Sore ini aku memacu Mattyku lagi. Rencananya jam lima aku sudah harus tancap gas agar bisa pulang cepat. Namun karena ada diskusi mendadak mengenai tugas kelompok, aku harus menunda rencana itu. Beberapa menit setelah pukul lima aku baru bisa menancap gas. Dan seperti biasa ketika meleweati daerah Palur, kemacetan dan chaos selalu terjadi. Dari mobil besar sampai sepeda onthel yang dikendarai seorang ibu setengah baya berlomba untuk menyeberang jalan. Kebetulan aku berada di belakang ibu tersebut, tentu saja dengan sadar aku membiarkan ibu tersebut mencapai seberang jalan lebih dulu. Dan ini memang tidak selalu terjadi pada diriku. Di lain kesempatan aku pernah mengutamakan egoku agar aku bisa cepat sampai rumah. Aku melupakan sebuah slogan sederhana. Biar lambat asal selamat.
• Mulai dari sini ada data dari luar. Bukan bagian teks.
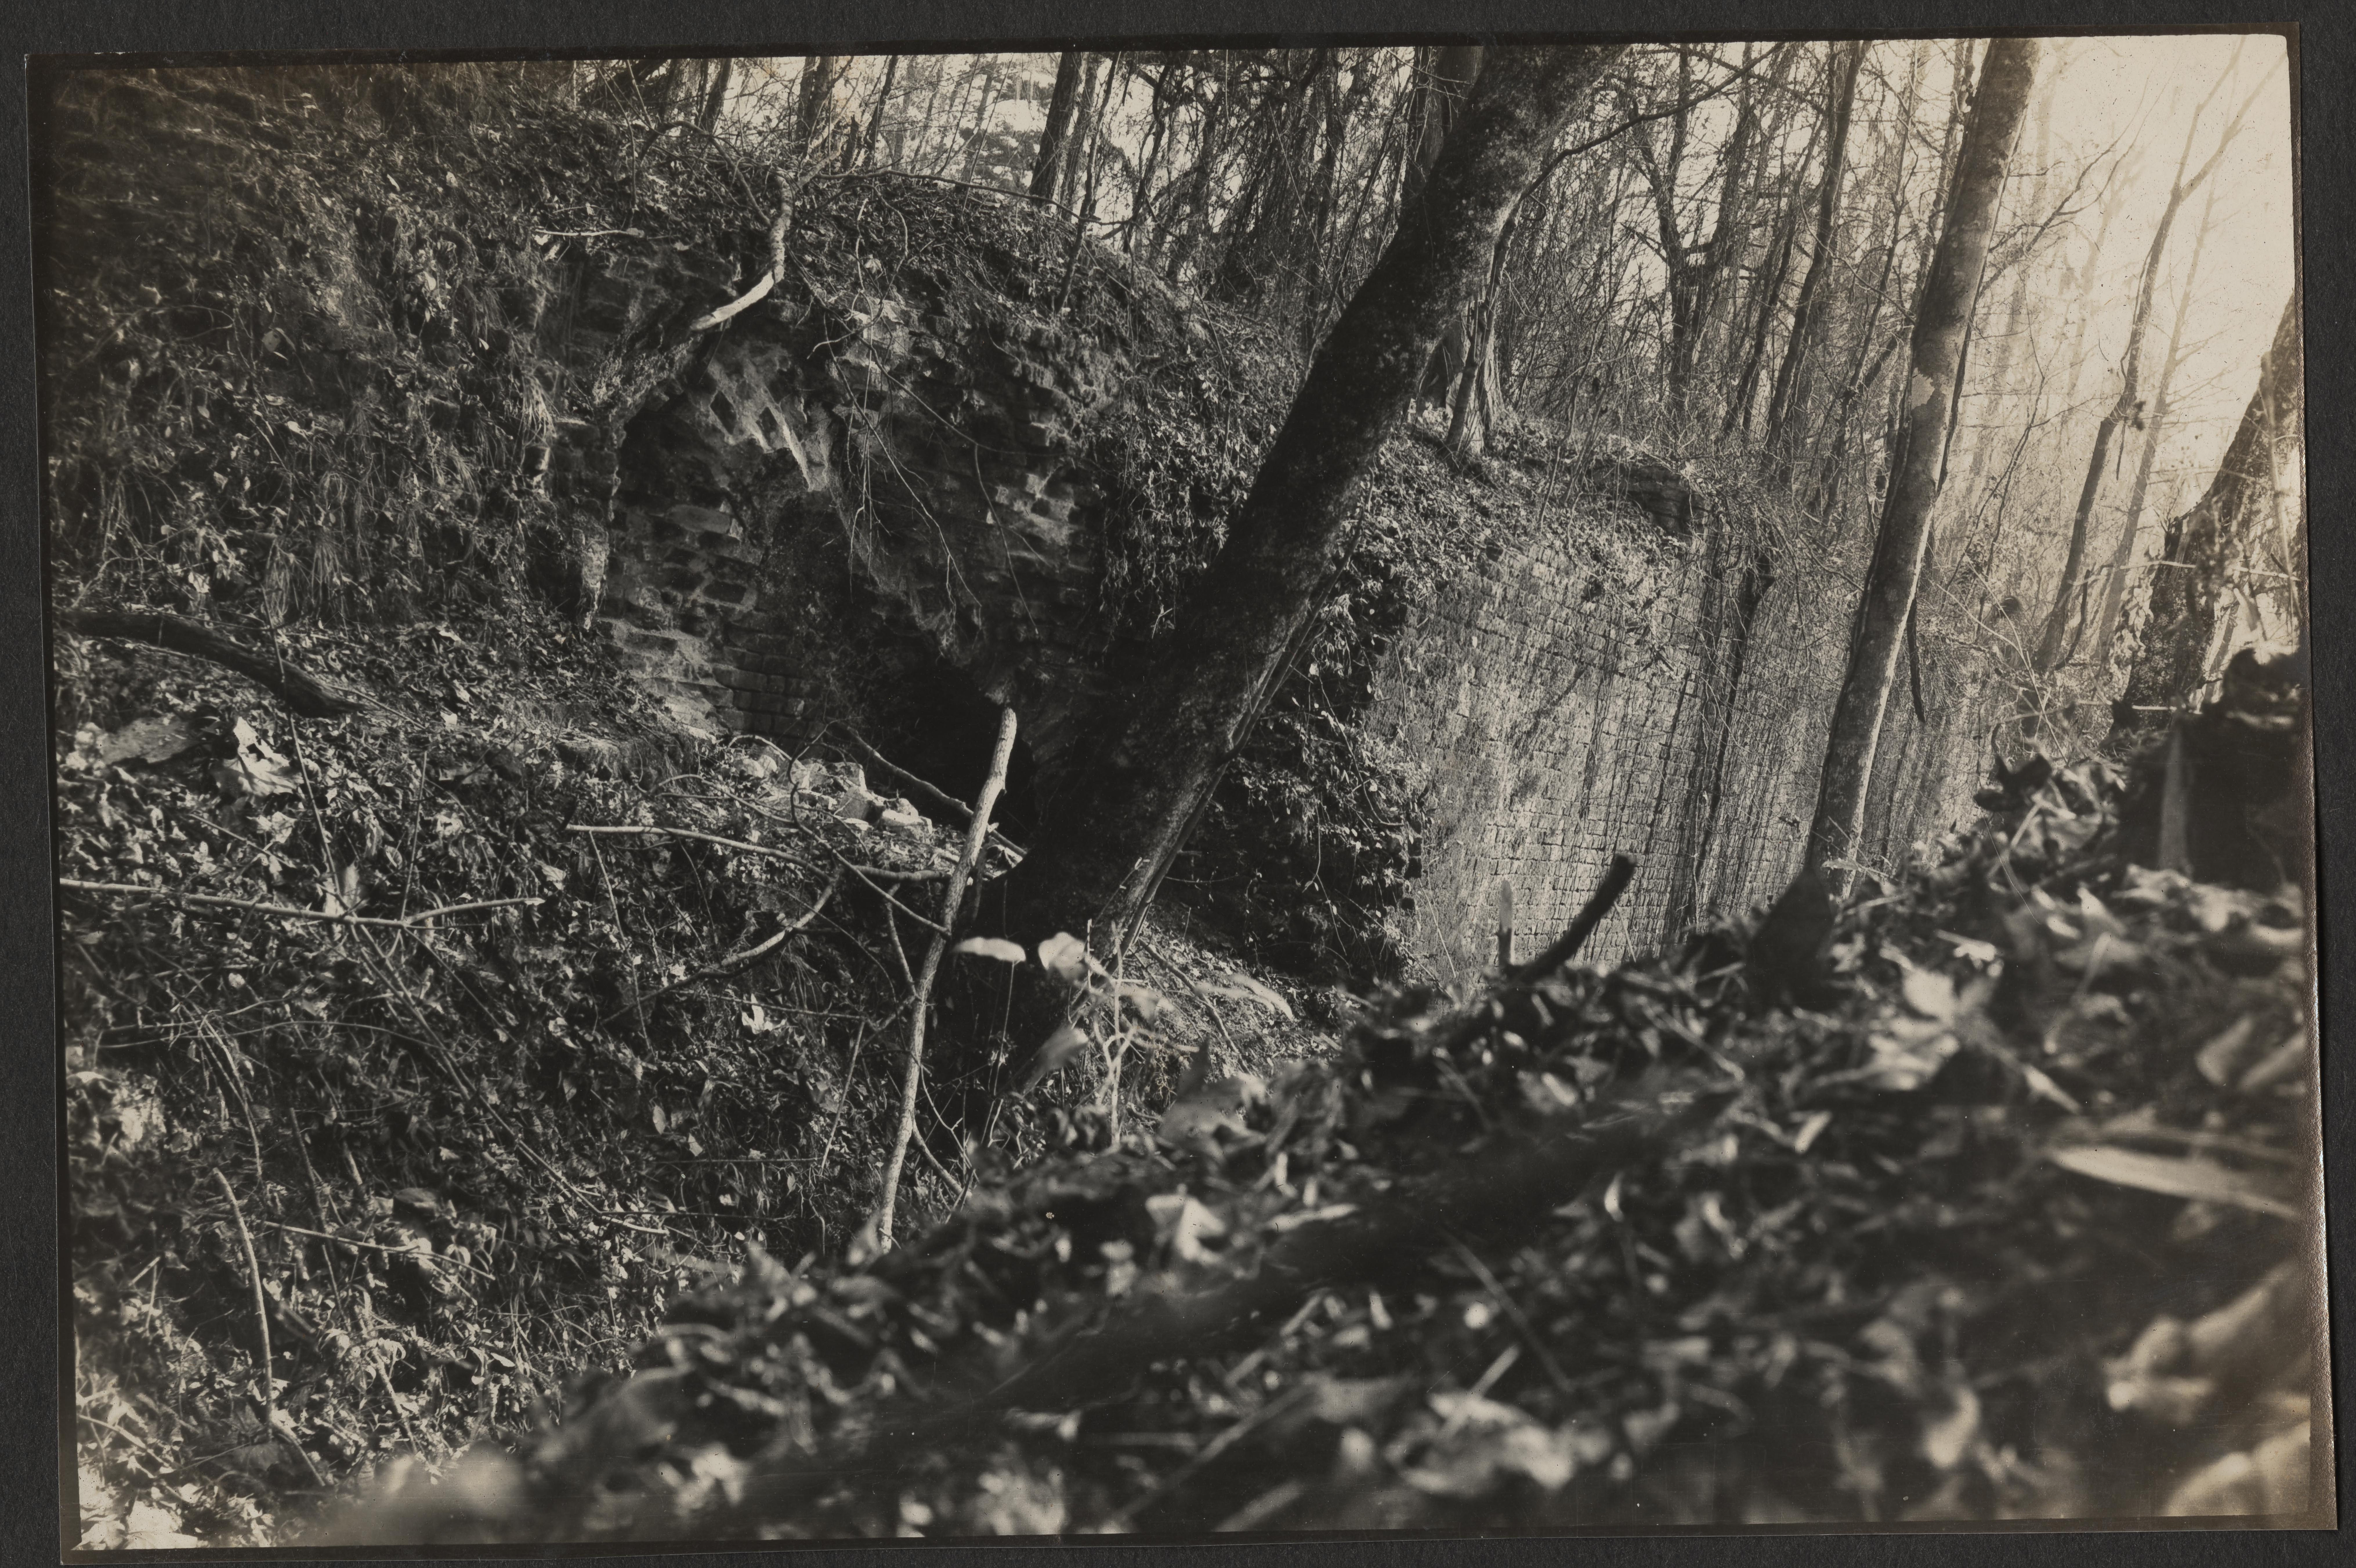 Santee-Cooper Cemetery Investigation 007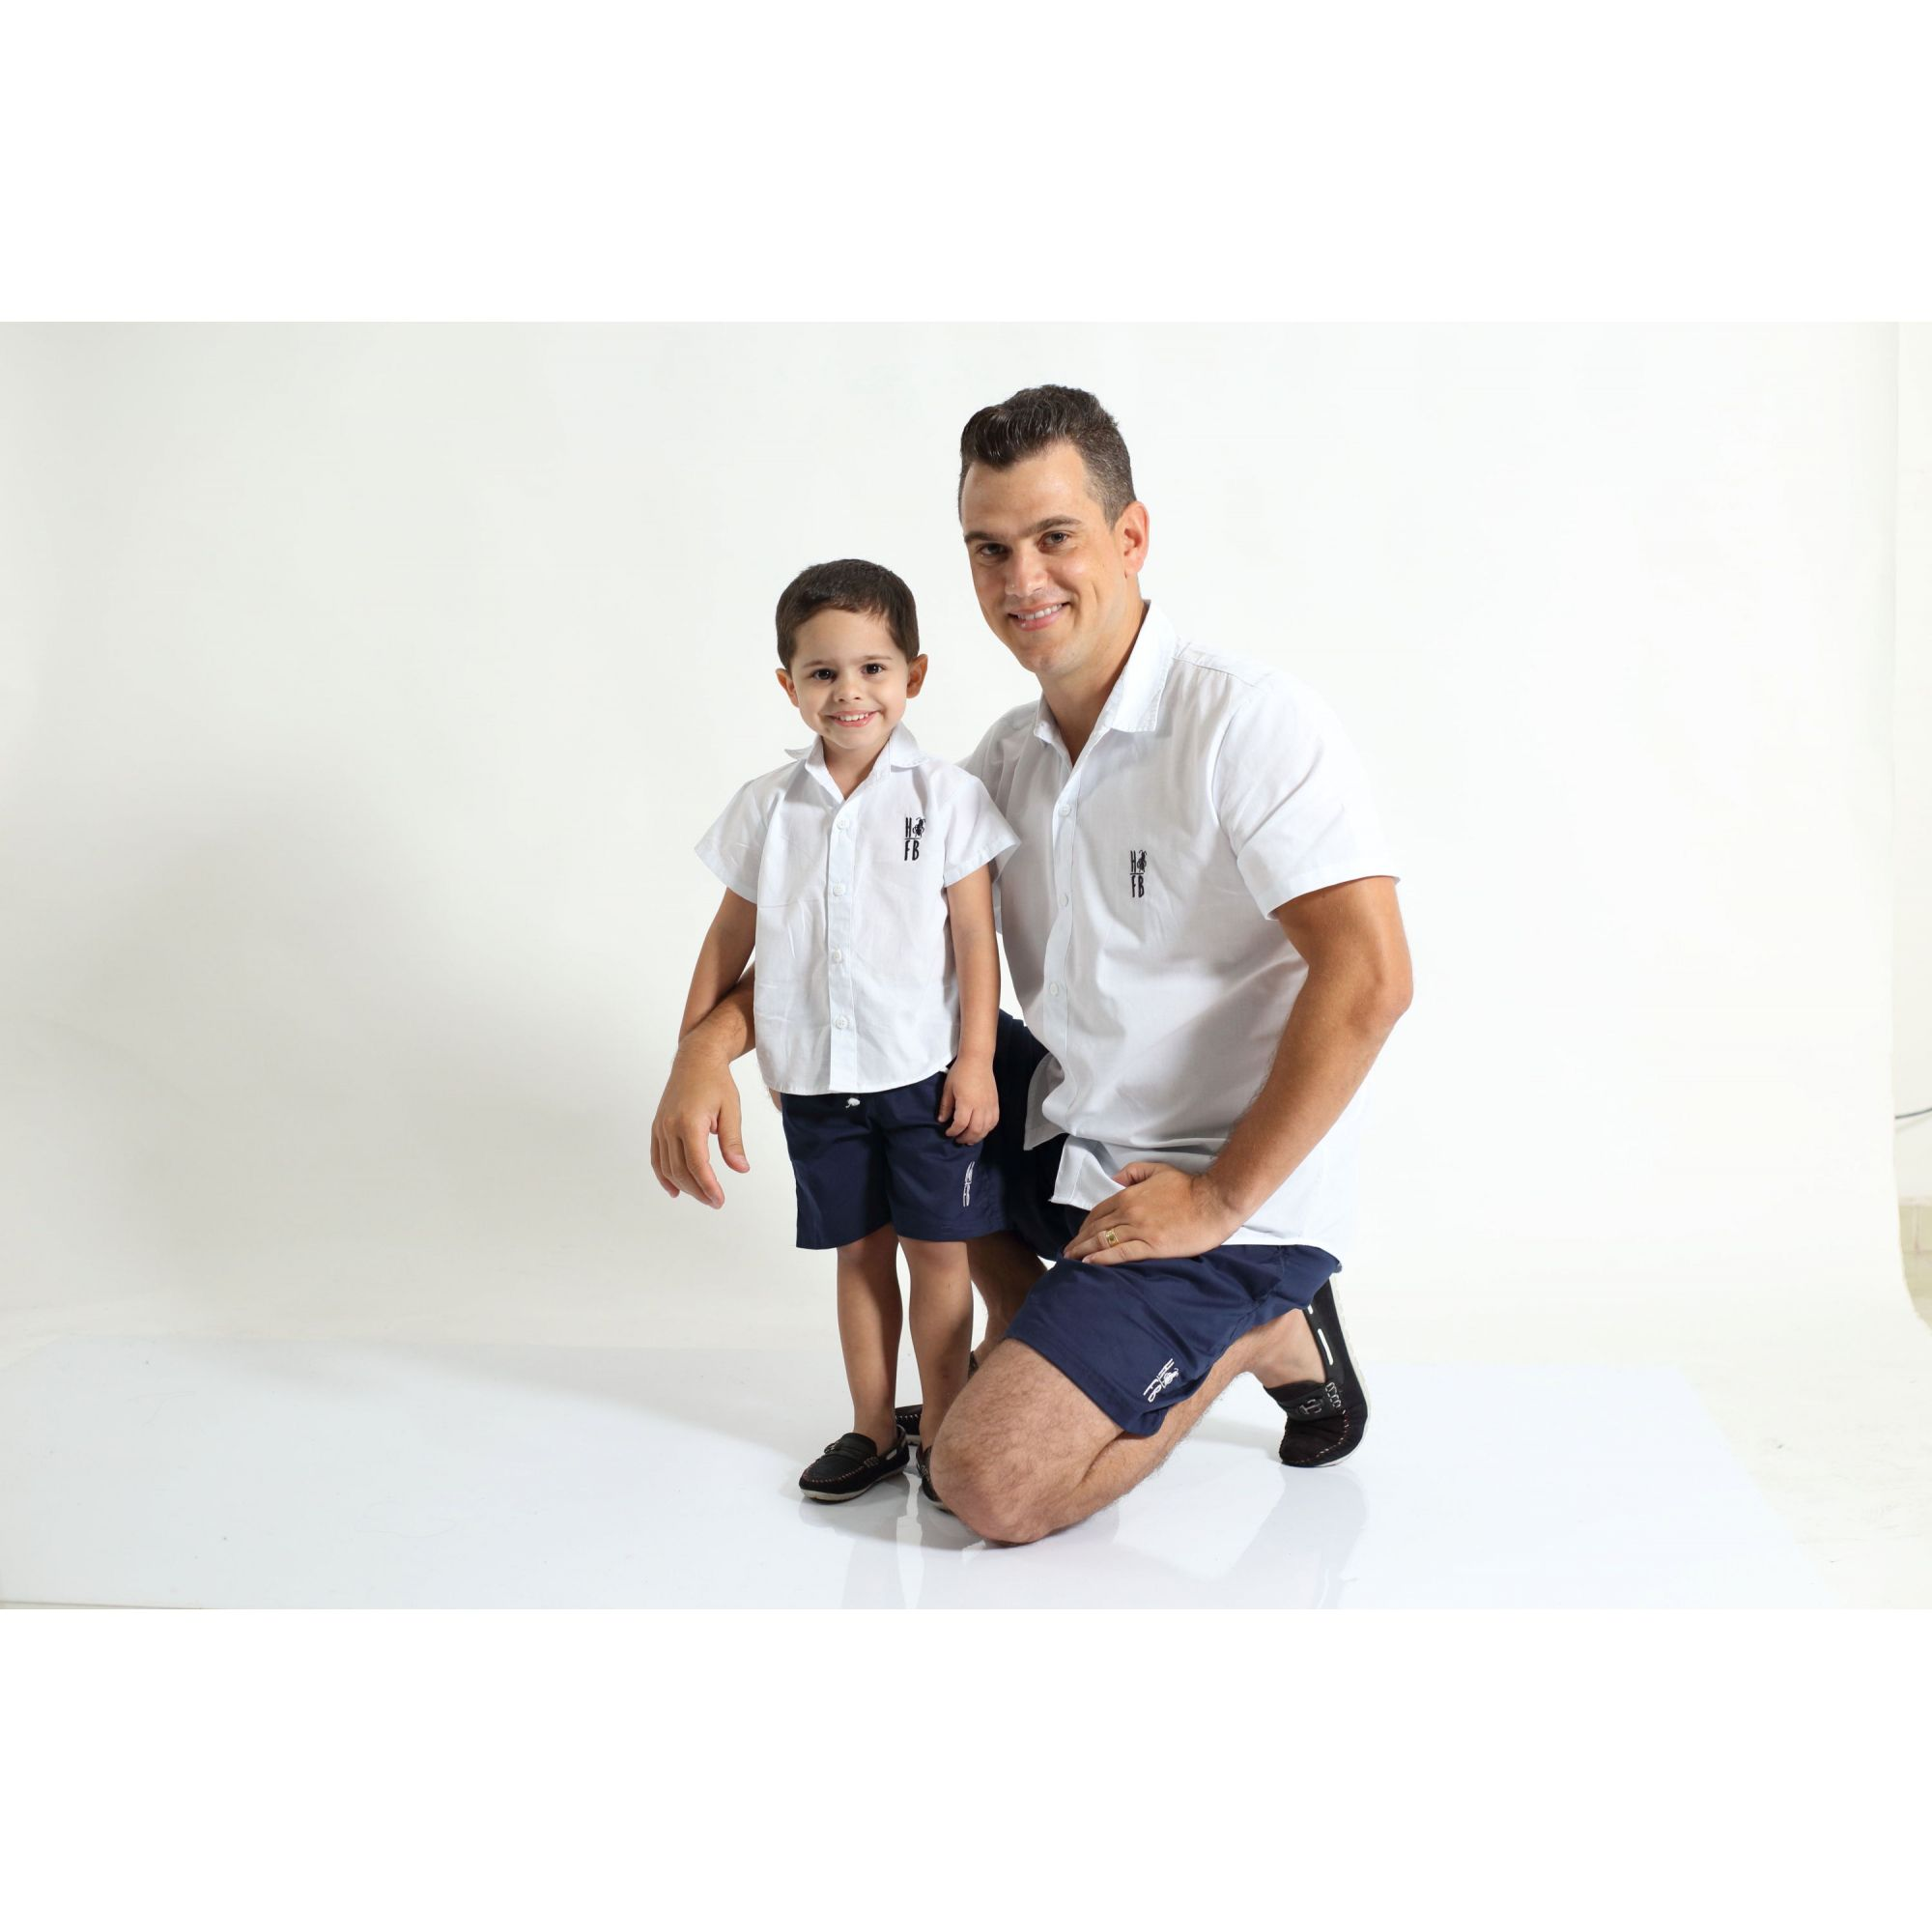 PAI E FILHO > Kit 02 Camisas Manga Curta Branca  [Coleção Tal Pai Tal Filho]  - Heitor Fashion Brazil

Setelah berhasil melewati Palur, aku dilenakan oleh jalan yang sepi di daerah Bekonang. Jalan yang halus karena baru diperbaiki terasa nyaman. Sayangnya malam mulai mengintai dan itu artinya aku harus waspada. Tiba-tiba suara azan Maghrib mulai terdengar. Saat itu kira-kira pukul 17.35 WIB. Aku sudah memprediksi akan sampai rumah pukul 18.15, jadi aku masih melanjutkan kemudiku.
Melewati ruang dan waktu hanya dengan memutar setang dan duduk manis di jok motor. Selamat datang di abad 21! Sedikit ketakutan pada kejahatan di malam hari aku alihkan pada hal-hal yang sebenarnya tidak penting untuk dipikirkan. Lalu muncul bisikan lain lagi di pikiranku, tentang film tujuh psikopat yang aku tonton malam tadi. Apa mereka benar-benar ada? Pikiran yang menyimpang dan ricuh. Pembunuhan, tembak-menembak. Oh, aku mulai pusing memikirkan hal itu. Tapi muncul lagi bisikan lain. Ketika aku sudah dekat dengan Wonogiri, aku berfikir bagaimana jika sebentar lagi aku akan mati tertabrak mobil atau apa lah. Tapi itu tentu saja tidak terjadi karena tulisan ini bukan ditulis oleh hantu. Puji syukur bagi Allah Tuhan Semesta Alam.
Semakin dekat dan semakin dekat. Aku masih membiarkan Matty melaju. Sesekali aku mengusap spidometernya dan berdoa “Saat ini yang aku inginkan hanya pulang dengan selamat, Ya Allah.” Sembari aku membayangkan sepiring rendang buatan ibuku.